如今,人工智能技术的发展非常迅速,产业落地也在快速推进。不过,针对人工智能的讨论、质疑并没有结束。
日前,《华尔街日报》探讨一个有趣的问题,即人工智能是否本质上是被炒作的?是否仅凭这个名字就会引起混乱和炒作?
“人工智能”是经过长久讨论并付诸实践后才最终确定的一个“名字”。原本,“人工智能”很有可能会叫另一个名字——“复杂信息处理”。这么一来,是不是觉得人工智能要高端很多?
圣达菲研究所教授梅兰妮·米切尔就曾打趣道:“如果它(人工智能)被称为‘复杂信息处理’,世界会是什么样子?”
可以肯定的是,人工智能之所以被炒作,是因为它与自然智能和对人类执行的任务的研究有关。
纽厄尔和西蒙是1956年达特茅斯研讨会(被认为是人工智能作为一个领域的创始活动)的唯一两名参与者,他们开发了一种基本的“智能”机器。他们的经验被视为以实践为基础,因此,他们通常被视为比同龄人更务实。
对于复杂的信息处理,世界是否会变得更好,仍然需要我们确定复杂信息处理的设想是否与人工智能不同,以及这两个人对人工智能的处理方式是否与同龄人不同。纽厄尔和西蒙似乎并不认为复杂的信息处理不那么容易炒作,或者对待人工智能的方式与同行不同。
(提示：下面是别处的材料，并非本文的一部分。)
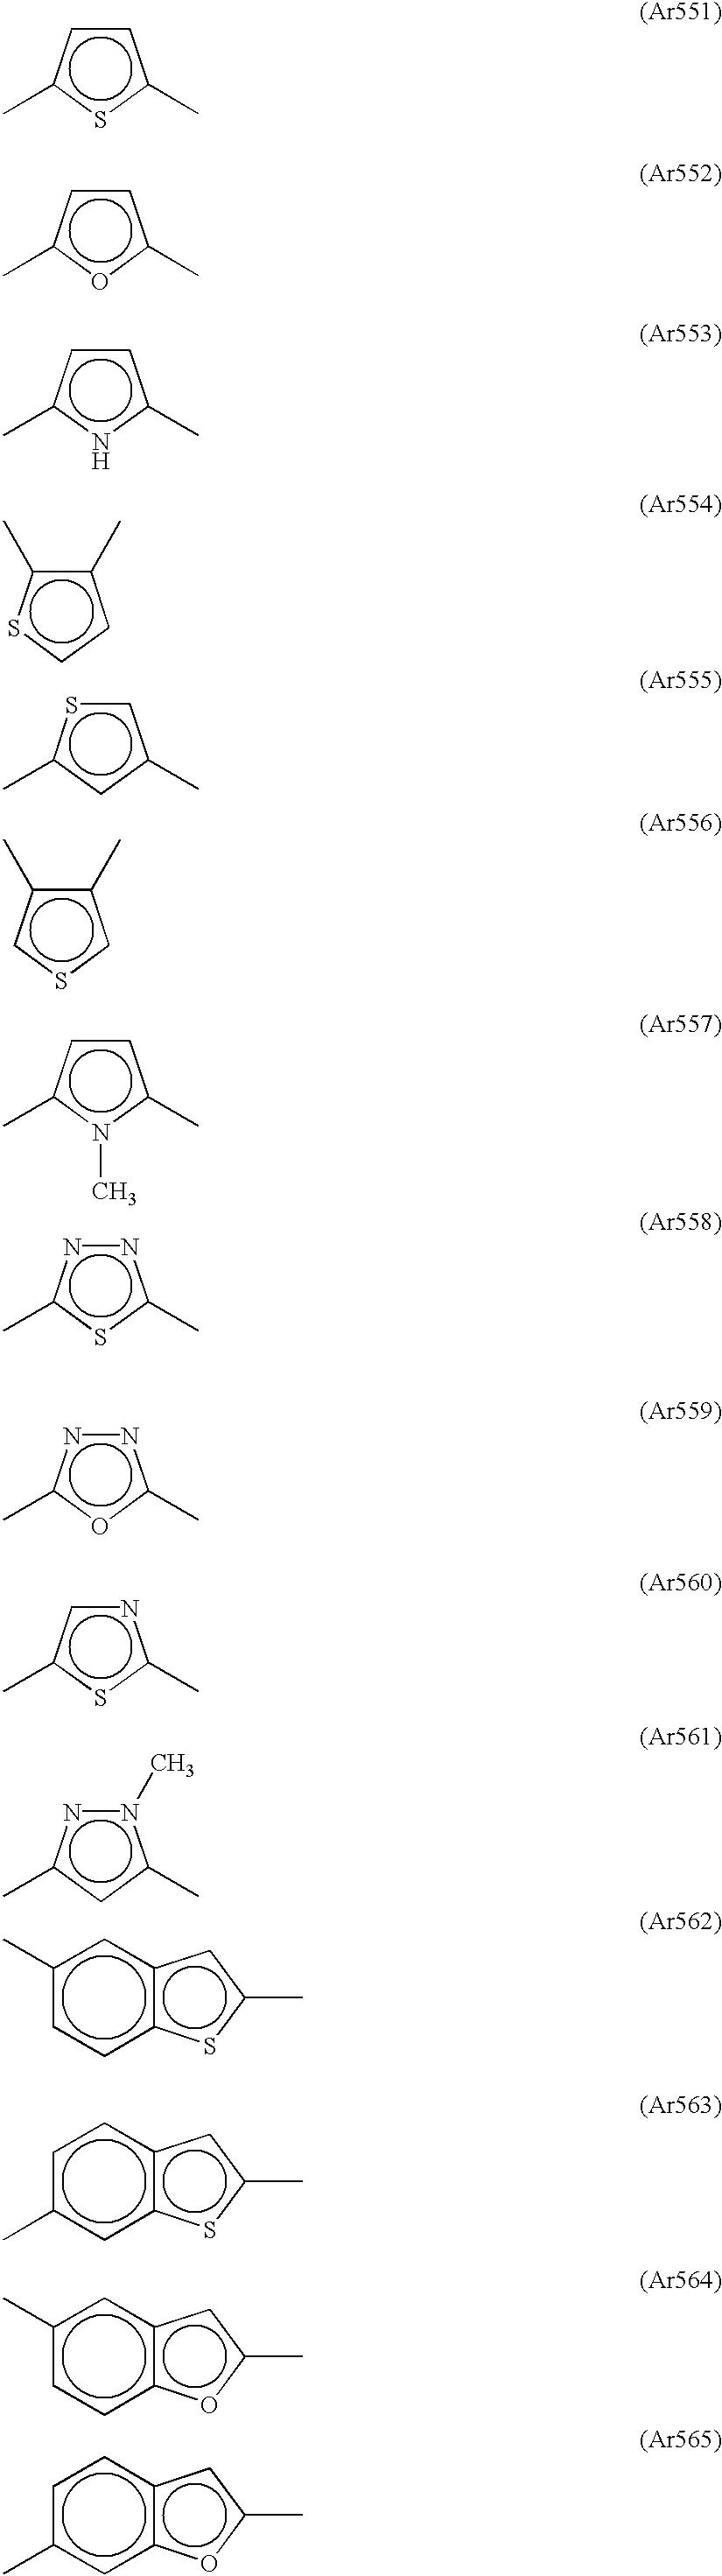 Figure US20030011725A1-20030116-C00004

西蒙用雄心勃勃的术语总结了他的研究目标,例如让我们(人类)成为自然的一部分,而不是脱离自然。除了美丽的典故,西蒙的目标是发现并最终建造一台超越人类智能并取代人类大脑能力的智能机器。对西蒙来说,解决智力问题不仅仅是一种智力挑战,而是一种精神上的追求。
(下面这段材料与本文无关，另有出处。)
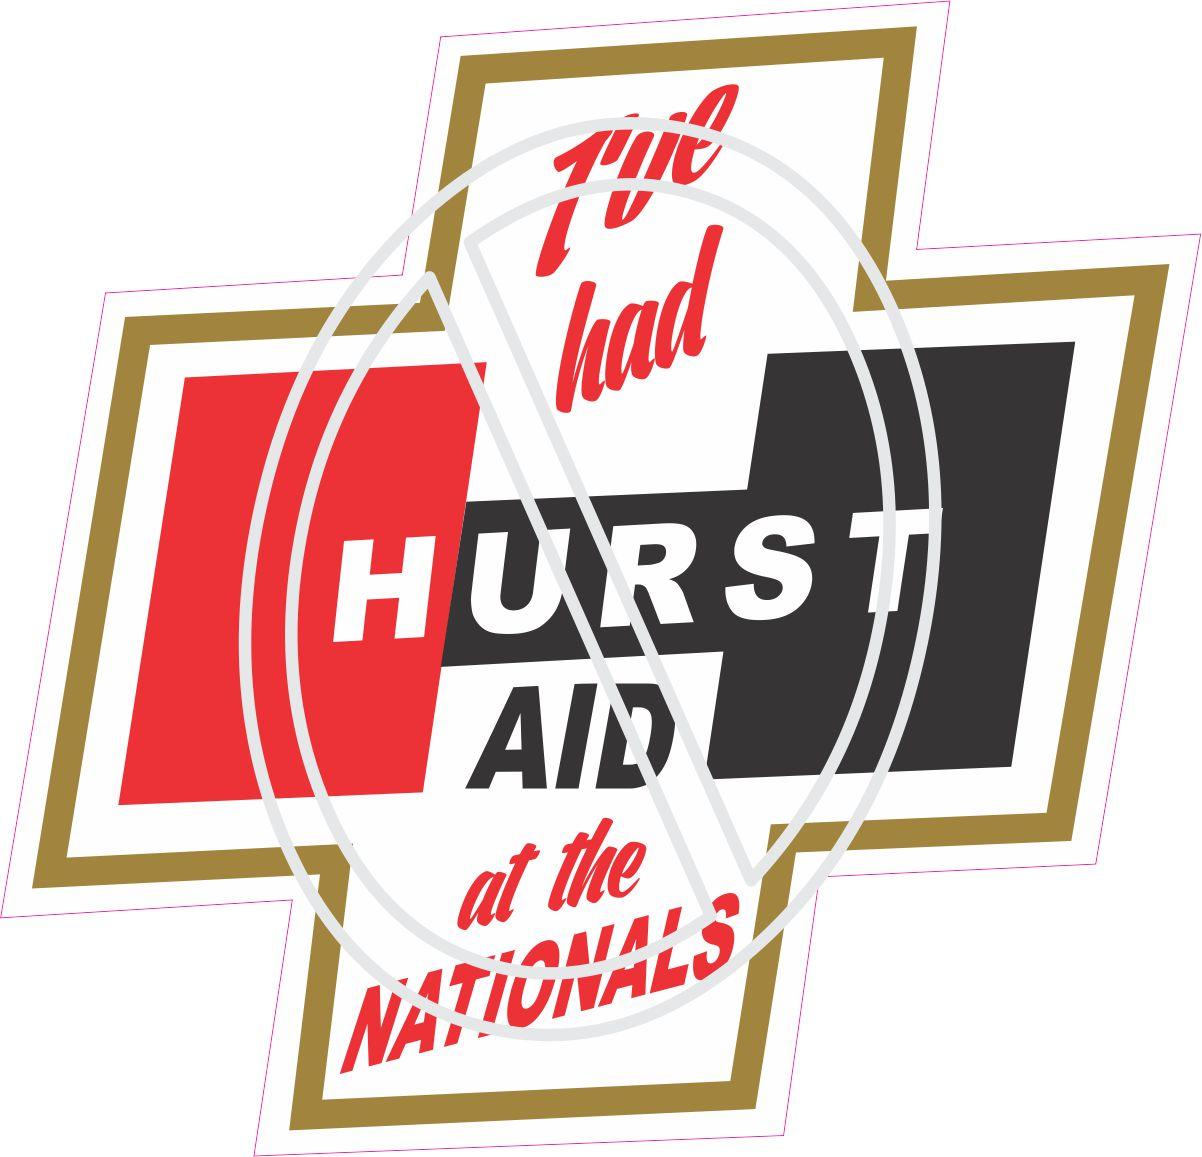 Hurst Aid.jpg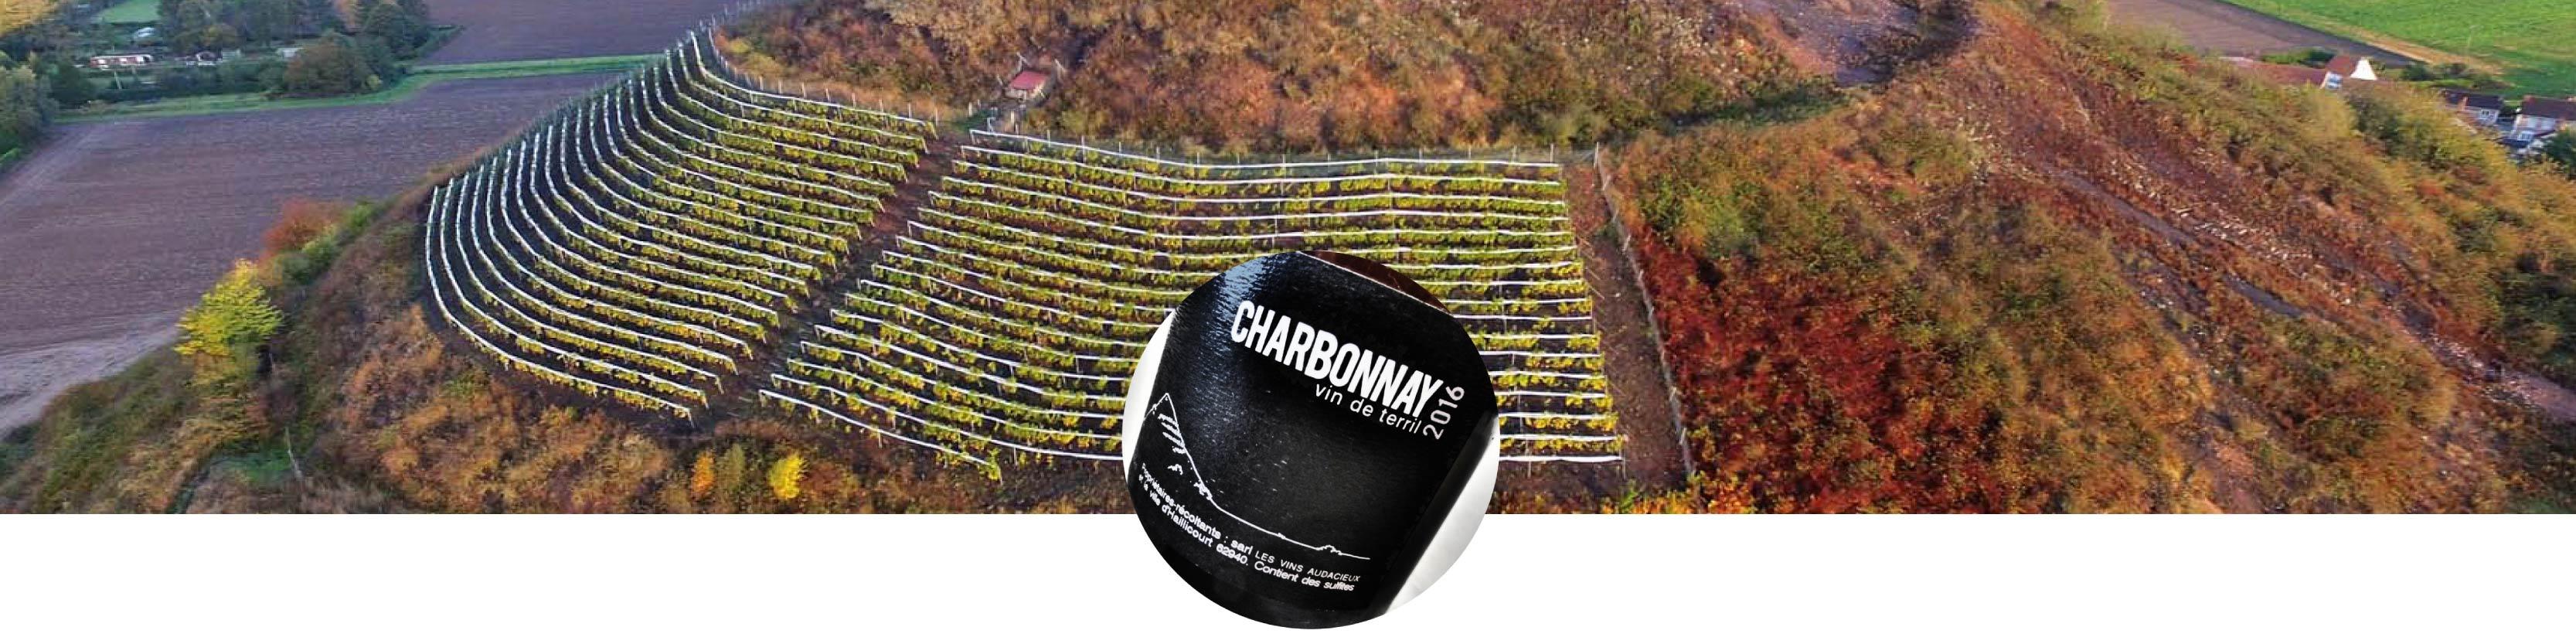 banniere-vin-terril-charbonnay

哲学家、加州大学教授约翰·塞尔解释了西蒙的意思,即我们已经拥有了能够真正思考的机器。
纽厄尔和西蒙是计算学家,也是真正的信徒。他们认为情报就是信息处理。他们不相信计算机像大脑一样的比喻,也不相信认知涉及信息处理的方面,而是从字面上认为认知是信息处理。
纽厄尔和西蒙接受了计算机的技术描述作为哲学论证。西蒙认为,大脑的神经功能和计算机的功能可以以同样的方式处理信息。西蒙还解释了计算机如何具有思维和“思想”的属性。然而,“思想”是计算机所没有的。
复杂的信息处理旨在激发大脑作为计算机的观点,非常像人工智能。这种观点表达了一种谬误:主要是人与机器之间的任何差异都是小而暂时的。反事实的问题是,如果人工智能被称为复杂的信息处理,世界会是什么样子,这是谬误的,因为复杂的信息处理只是另一种有害的心灵理论。
有一件事是肯定的:达特茅斯工作室产生了大量的炒作,至今仍在渗透。也许炒作的原因是需要资金。
资金需要争取公众和政治支持,这需要西蒙和其他创始人所实现的令人兴奋的愿景。也许炒作是人类对个人声望的渴望的结果,而命名这个领域是这种欲望的延伸。也许解开人类智能的奥秘本质上是被炒作的。
也许人工智能炒作既是一个错误,也是一个功能。也许我们应该停止那么关心,更多地关注解决那些不在人工智能领域的人感兴趣的问题。
如果纽厄尔和西蒙赢得了对复杂信息处理的支持,世界会是什么样子,这个答案是不可能知道的。历史的独特历史之处在于,它并没有以不同的方式发生。
争论名字对解决问题没有帮助。说到底,人工智能最终的价值还在于其能够创造真正的价值。